You could argue that we should also add: if (!SE->getLocation.isMacroID()) { Base::VisitStmtExpr(SE); } to the top of the function so that you only treat statement expressions that are themselves in a macro expansion get this special treatment. e.g.,

void one_var() {
  (void)({int a = 12; a;});
}

#define M ({int a = 12; a;})
void zero_var() {
  (void)M;
}

I don't have strong opinions on this, but weakly lean towards treating all statement expressions the same way.

docs/clang-tidy/checks/readability-function-size.rst
44–46

I'd combine these into a serial list, like: Please note that function parameters and variables declared in macro expansions, lambdas, and nested class inline functions are not counted.

test/clang-tidy/readability-function-size.cpp
207–212

I'm guessing we want to still warn in cases like this?

That would be nice, yes. That's why the cut-point I was recommending were situations where the declared variables are not accessible within the function.

lebedev.ri marked 2 inline comments as done.
  • Update
  • Ignore GNU Statement Expressions too.
  • Slightly reword docs.
clang-tidy/readability/FunctionSizeCheck.cpp
31

Ah, i did not really knew about GNU Statement Expression, so i did not ignore them.
Test added, and ignored.

test/clang-tidy/readability-function-size.cpp
207–212

Ok. Any hint on how to actually do that?
I guess i could look at DeclRefExpr, but that would only count those macro variables,
that are actually used, while the check is trying not to differentiate.

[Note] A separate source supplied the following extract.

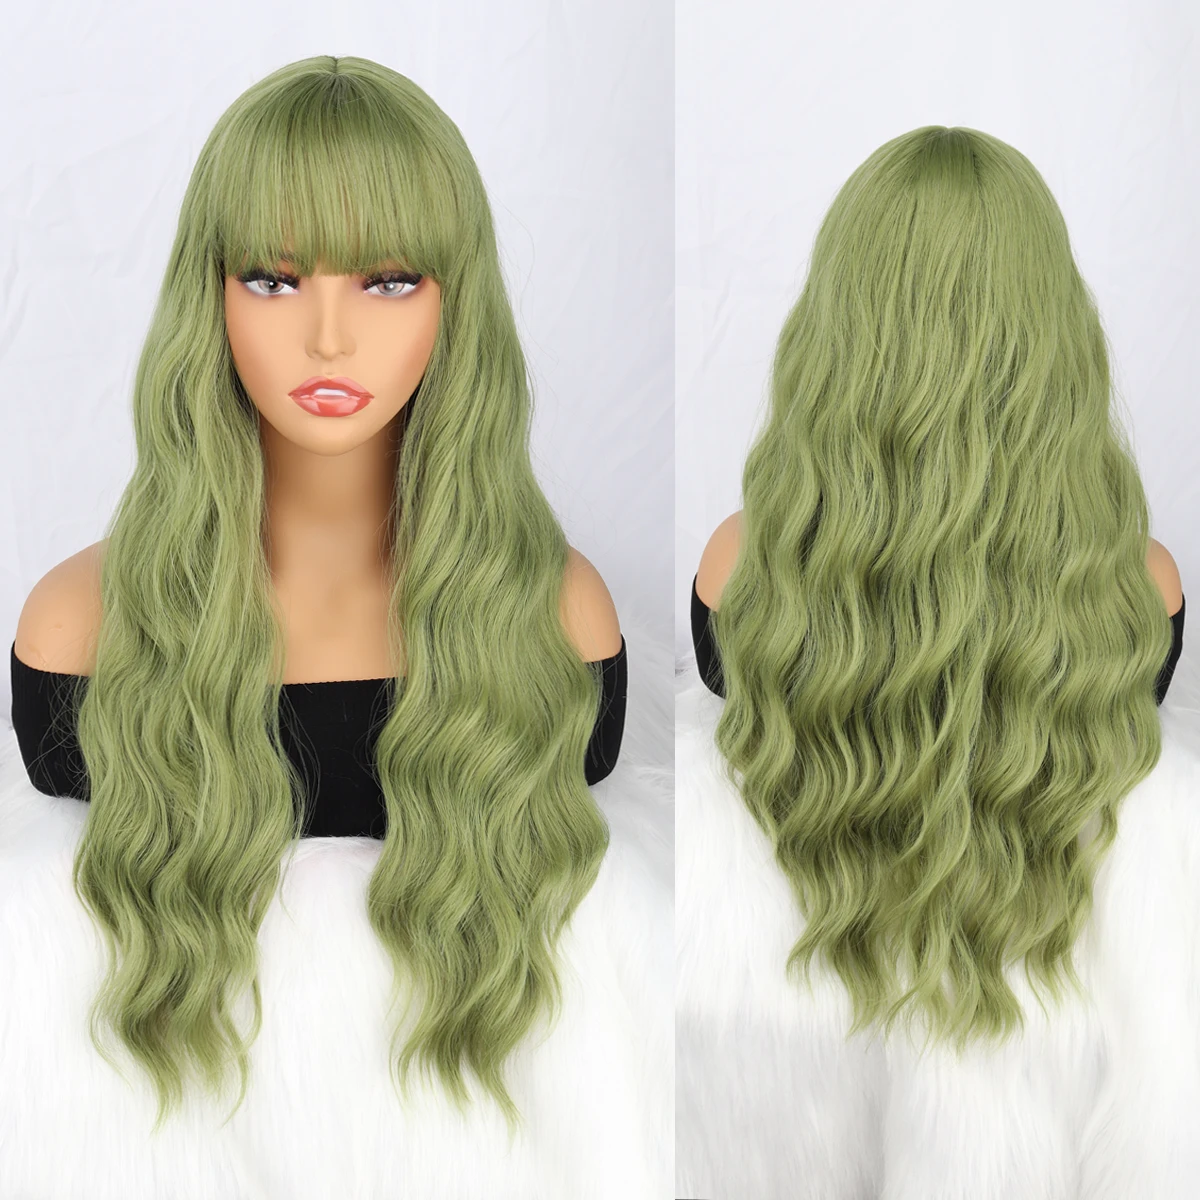 

Длинный зеленый парик с челкой, волнистые завитые челки, синтетический женский зеленый длинный парик, естественный внешний вид, подходит для ежедневного использования

lebedev.ri added a reviewer: alexfh.

After a quick IRC chat with @aaron.ballman, it was discovered that there has been a big misunderstanding:

we don't need to ignore/exempt *all* the variables declared in macros, we just need to ignore *all* GNU Statement Expressions.

Yay!

I think this is ready now, please review.

lebedev.ri marked 4 inline comments as done.Apr 11 2018, 6:46 AM
aaron.ballman accepted this revision.Apr 11 2018, 7:14 AM

Aside from some minor nits, LGTM!

clang-tidy/readability/FunctionSizeCheck.cpp
28

Comment is now stale.

31

Do you mind switching these to preincrement (and predecrement, below) since the value is not subsequently used?

This revision is now accepted and ready to land.Apr 11 2018, 7:14 AM
lebedev.ri marked 2 inline comments as done.
  • Drop stale comment
  • Switch to pre{in,de}crement

@alexfh i'm waiting for some comment from you. there was no comment added when you removed yourself as a reviewer,
so i *assume* the usual message of that time was meant - "removing from my review queue, re-add when others have accepted.".

@alexfh i'm waiting for some comment from you. there was no comment added when you removed yourself as a reviewer,
so i *assume* the usual message of that time was meant - "removing from my review queue, re-add when others have accepted.".

No, I just think that other reviewers can handle this. Feel free to commit as long as there are no open concerns.

@alexfh i'm waiting for some comment from you. there was no comment added when you removed yourself as a reviewer,
so i *assume* the usual message of that time was meant - "removing from my review queue, re-add when others have accepted.".

No, I just think that other reviewers can handle this. Feel free to commit as long as there are no open concerns.

Ah, ok, i'll commit it then, thanks!

This revision was automatically updated to reflect the committed changes.